A Two-Stage Approach to Missing Data: Theory and Application to Auxiliary Variables

Victoria Savalei, UBC

Abstract: Covariance structure analysis is concerned with testing hypotheses about the structure of the population covariance matrix. Applications include simultaneous equation models, factor models, and full structural equation models. In the presence of missing data, a popular ad-hoc approach to conducting such an analysis is to first obtain the saturated maximum likelihood (ML) estimate of the covariance matrix (sometimes called the ``EM covariance matrix''), and then to proceed to estimate the structured parameters treating this matrix as if it were obtained from complete data.
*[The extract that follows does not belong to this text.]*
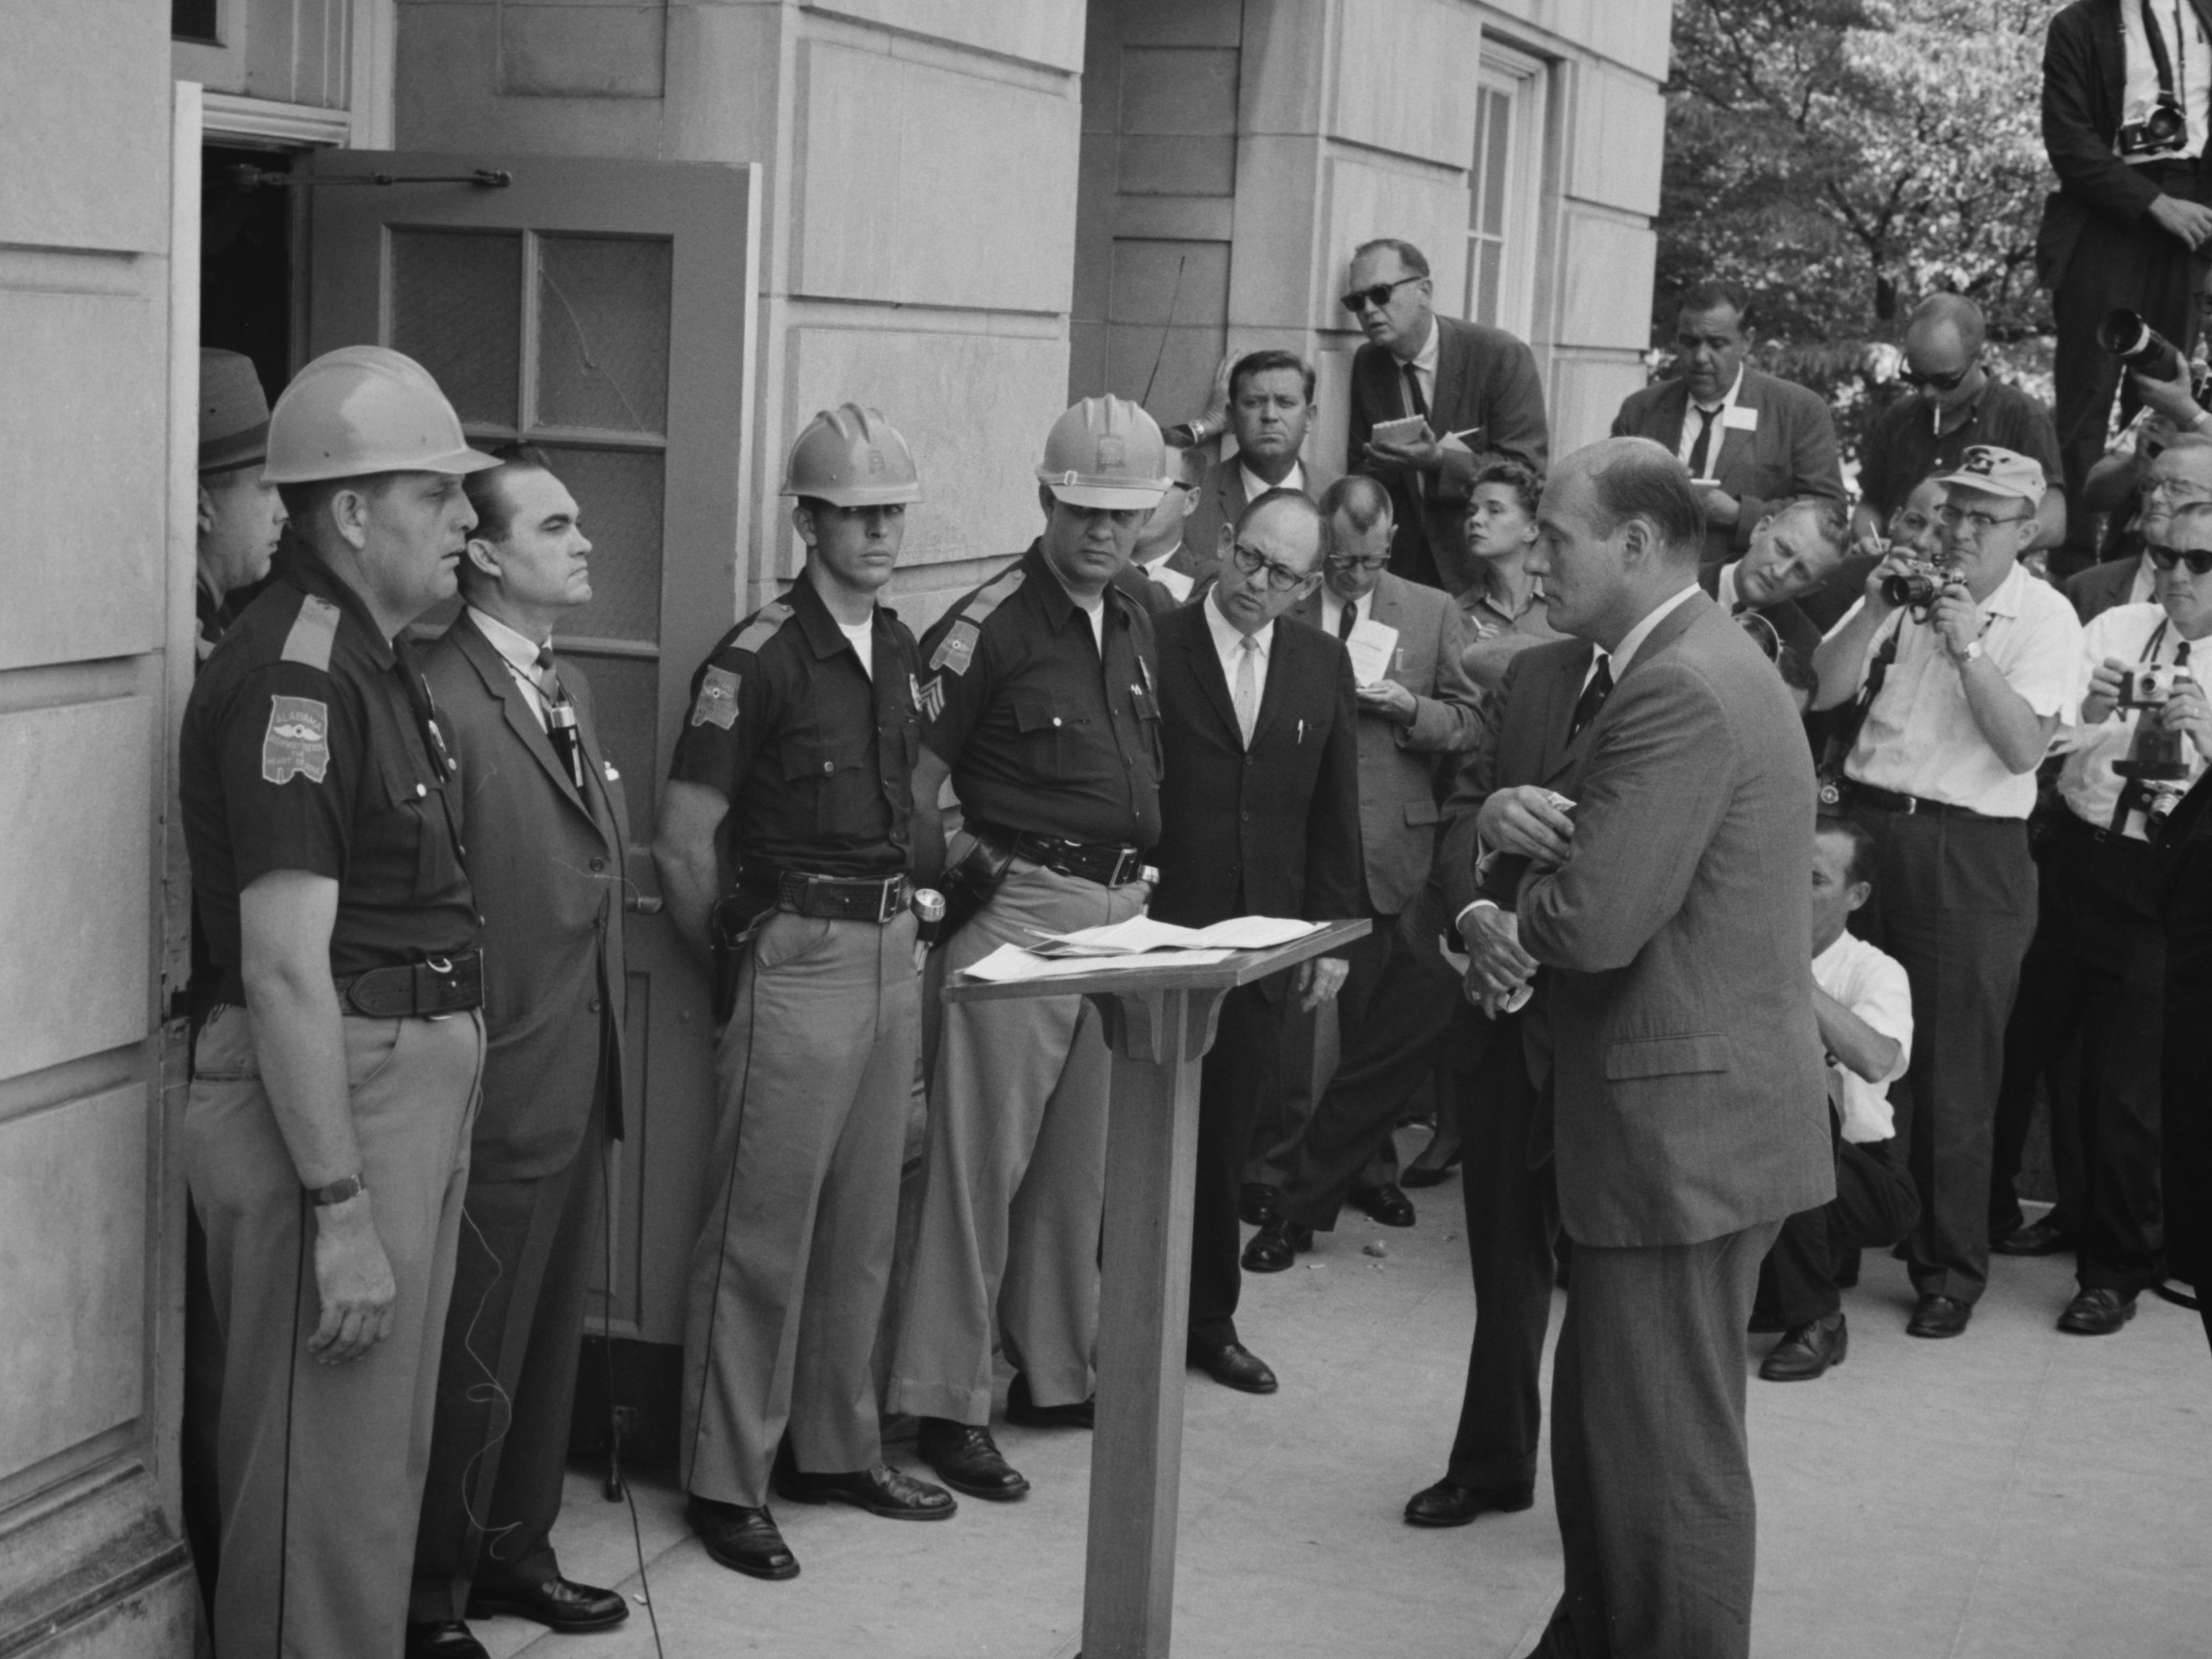 George Wallace versucht, die Integration an der University of Alabama zu blockieren, steht trotzig an einer Tür und wird vom stellvertretenden US-Generalstaatsanwalt Nicholas Katzenbach konfrontiert, 11. Juni 1963.

This two-stage (TS) approach is appealing because the first stage is easily done, and the second stage reduces the problem to a familiar complete data problem. An additional advantage of the TS approach is that it allows for easy incorporation of auxiliary variables in stage 1, which may be important in predicting missingness, yet allows to completely ignore them in stage 2, reducing dimensions of the problem. The main disadvantage is that the standard errors and test statistics obtained in stage 2 will not be correct. In this talk, I will describe how to obtain correct standard errors and test statistics for the parameters obtained in Stage 2 of this approach, with both MCAR and MAR normally distributed data. I compare this approach to a direct maximum likelihood approach. While the TS approach is marginally less efficient, it performs extremely well, and its test statistic outperforms the test statistic from the direct ML approach. The TS method is recommended for use with missing data.